Ron Cantor, current special adviser to the Maine Community College System, met with students and the community on Wednesday.

Cantor said he was the first of his family to attend college and loved it so much, he decided to spend his career trying to help others have the same experience.

After a few years with four-year institutions, Cantor made the switch to SUNY community colleges, where he said he could do more good.

“For eight years I was in Watertown, at Jefferson Community College as an associate dean for liberal arts, and then I taught U.S. history,” Cantor said.

Cantor said working in Watertown, and later in Mohawk Valley Community College in Utica, prepared him for what it might be like here. After becoming president of Southern Maine Community College in South Portland, Maine, Cantor said the college constructed a branch campus in Brunswick, Maine.

“Again I had the multi-campus dynamic with different communities around the campuses,” Cantor said.

But since, he said his wife has been looking to move back to the New York, to be closer the Syracuse area, where her family and friends live, and the Adirondacks.

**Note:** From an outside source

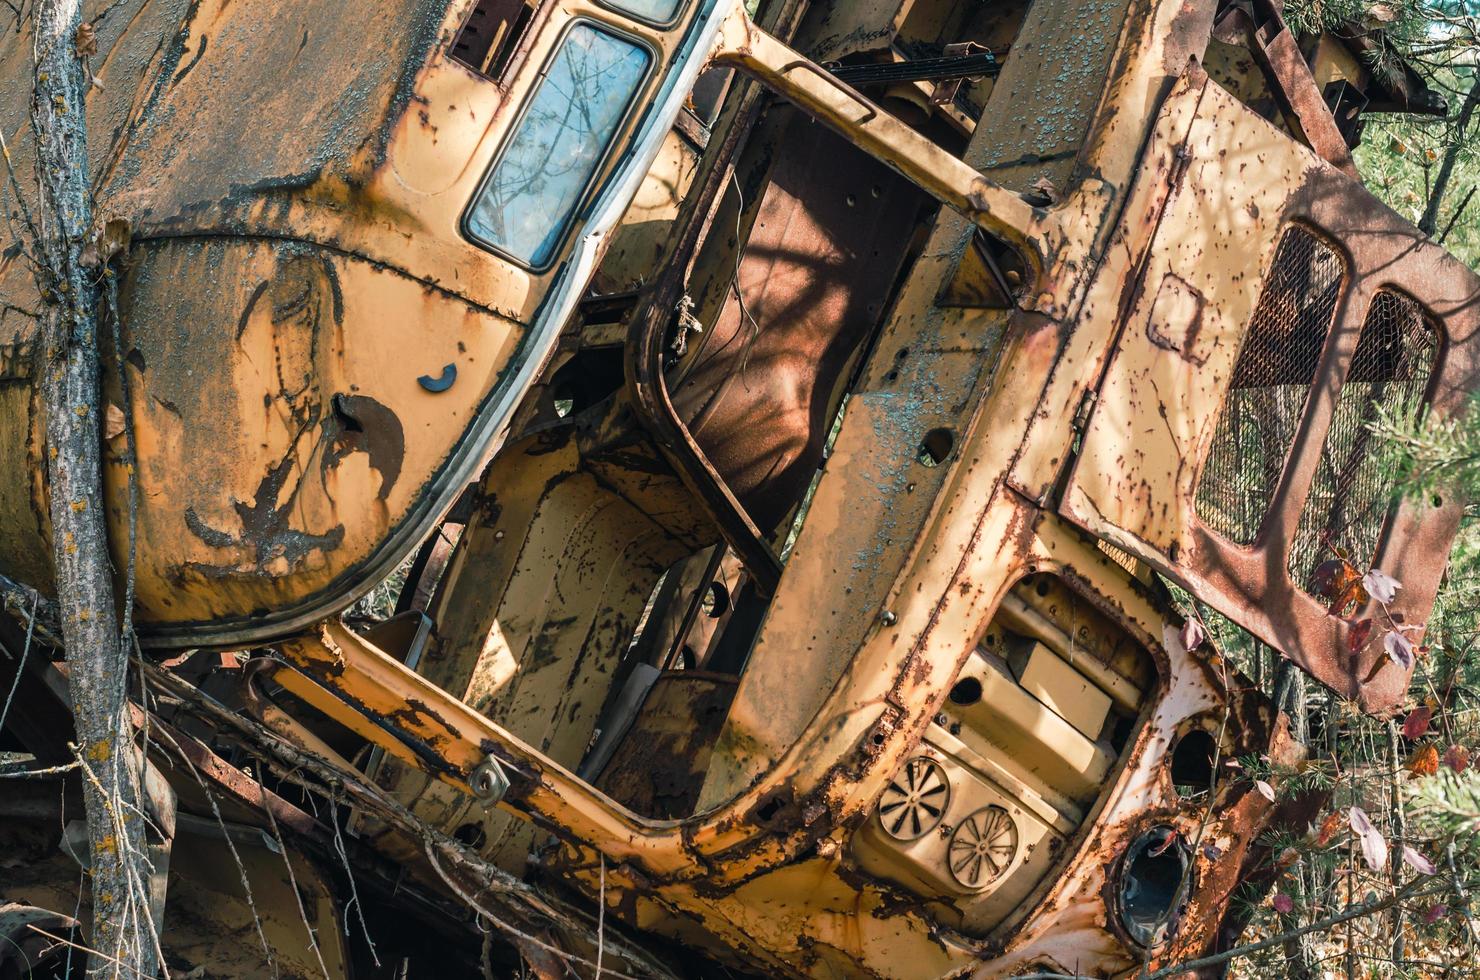 pripyat, oekraïne, 2021 - verlaten voertuig in het bos van Tsjernobyl foto
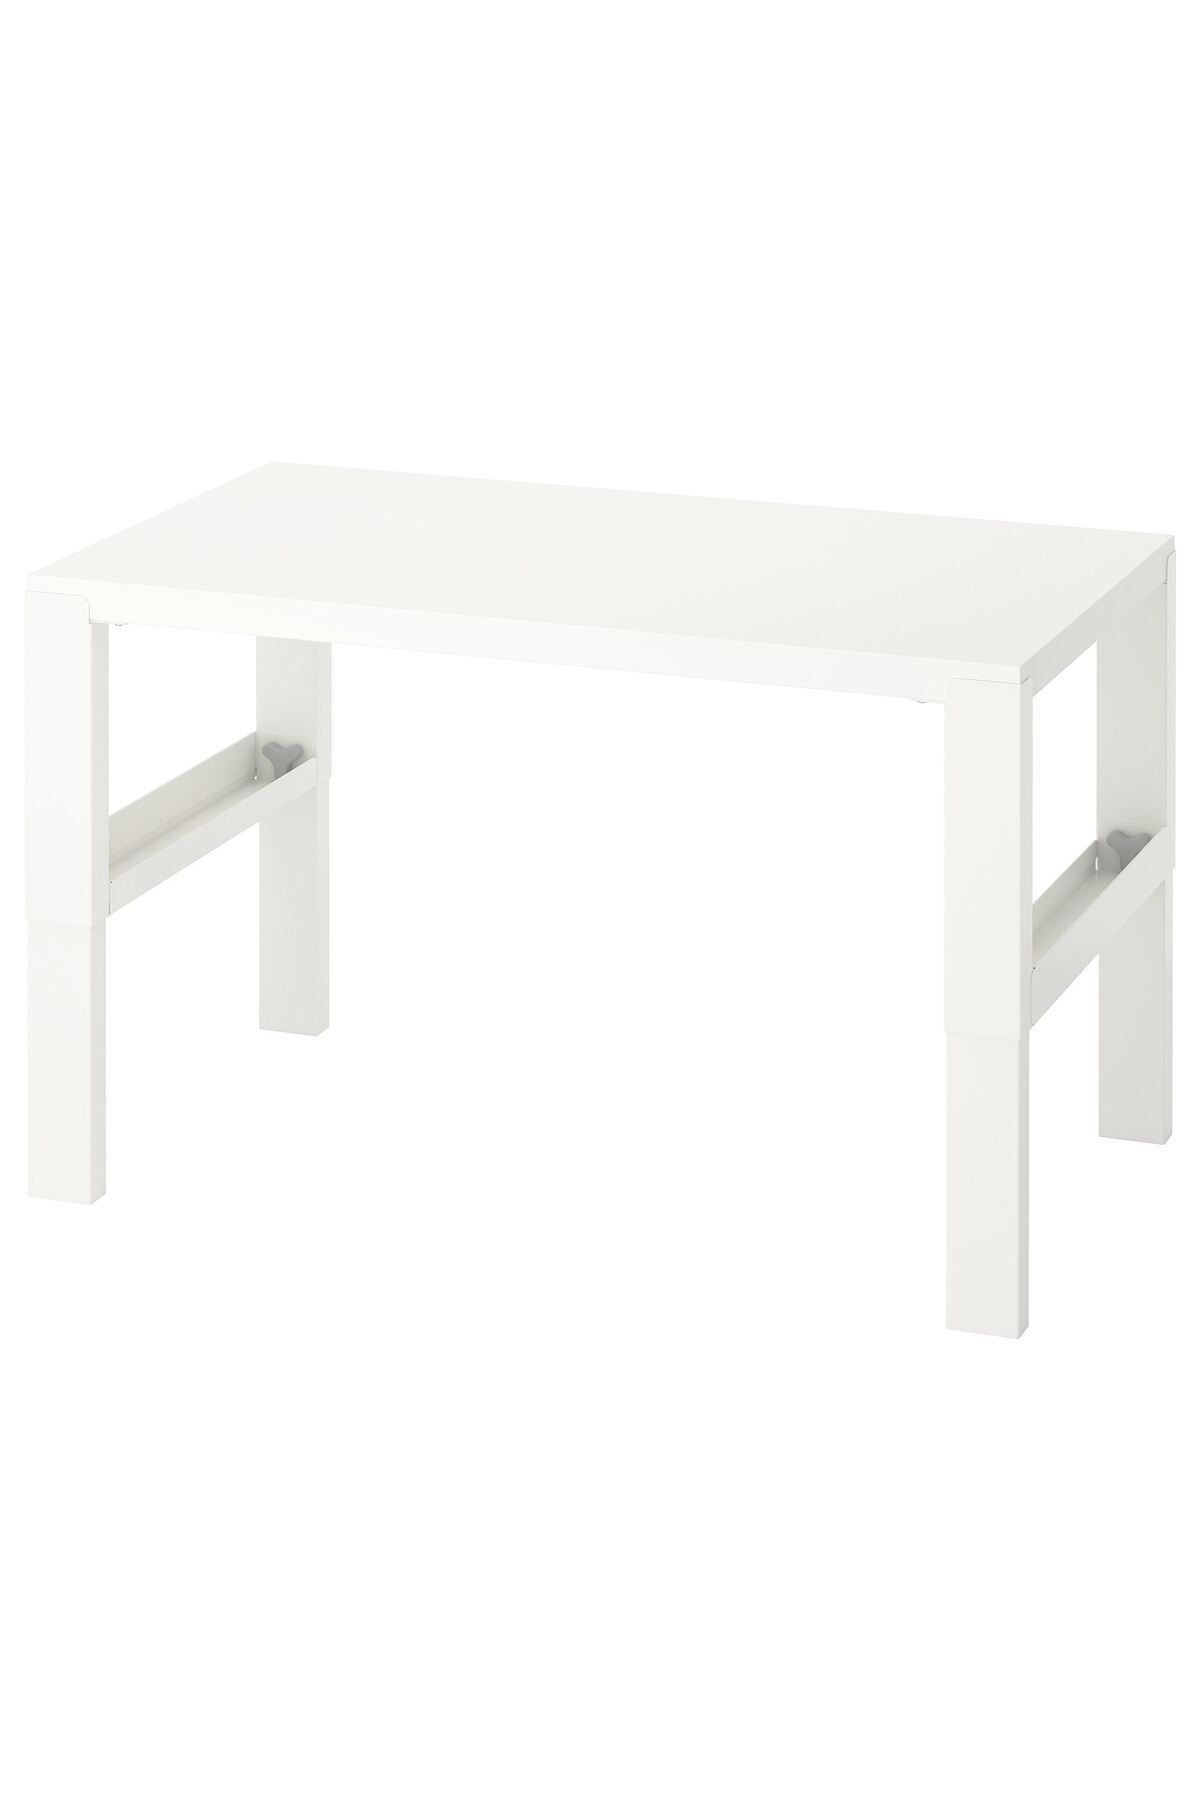 IKEA çocuk çalışma masası, beyaz-turkuaz, 96x58 cm

“For generations, my wife’s family has had a commitment to the Adirondacks, so almost every summer and winter vacation for the past 20 or so years,” Cantor said. “whether we’re in Maine, whether we’re in New York, we spent summer and winter vacations in cabins in the Adirondacks.”

He said the key to boosting enrollment for a community college is flexibility.

“We need human beings of any background of any age and any skill level, many of whom would never in a million years dream that they’d be a college student,” Cantor said.

He said the college can attract more nontraditional students by widening its net and breaking its programs into bite-size pieces that can be assimilated into the lives of working adults with families and other commitments.

“I think we’re still scratching the surface, and we have to be a lot more flexible to bring in more,” Cantor said. “If we’re going to have more enrollment, we’re going to have to find more ways to bring students in and bring more directions, on more levels with more paths.”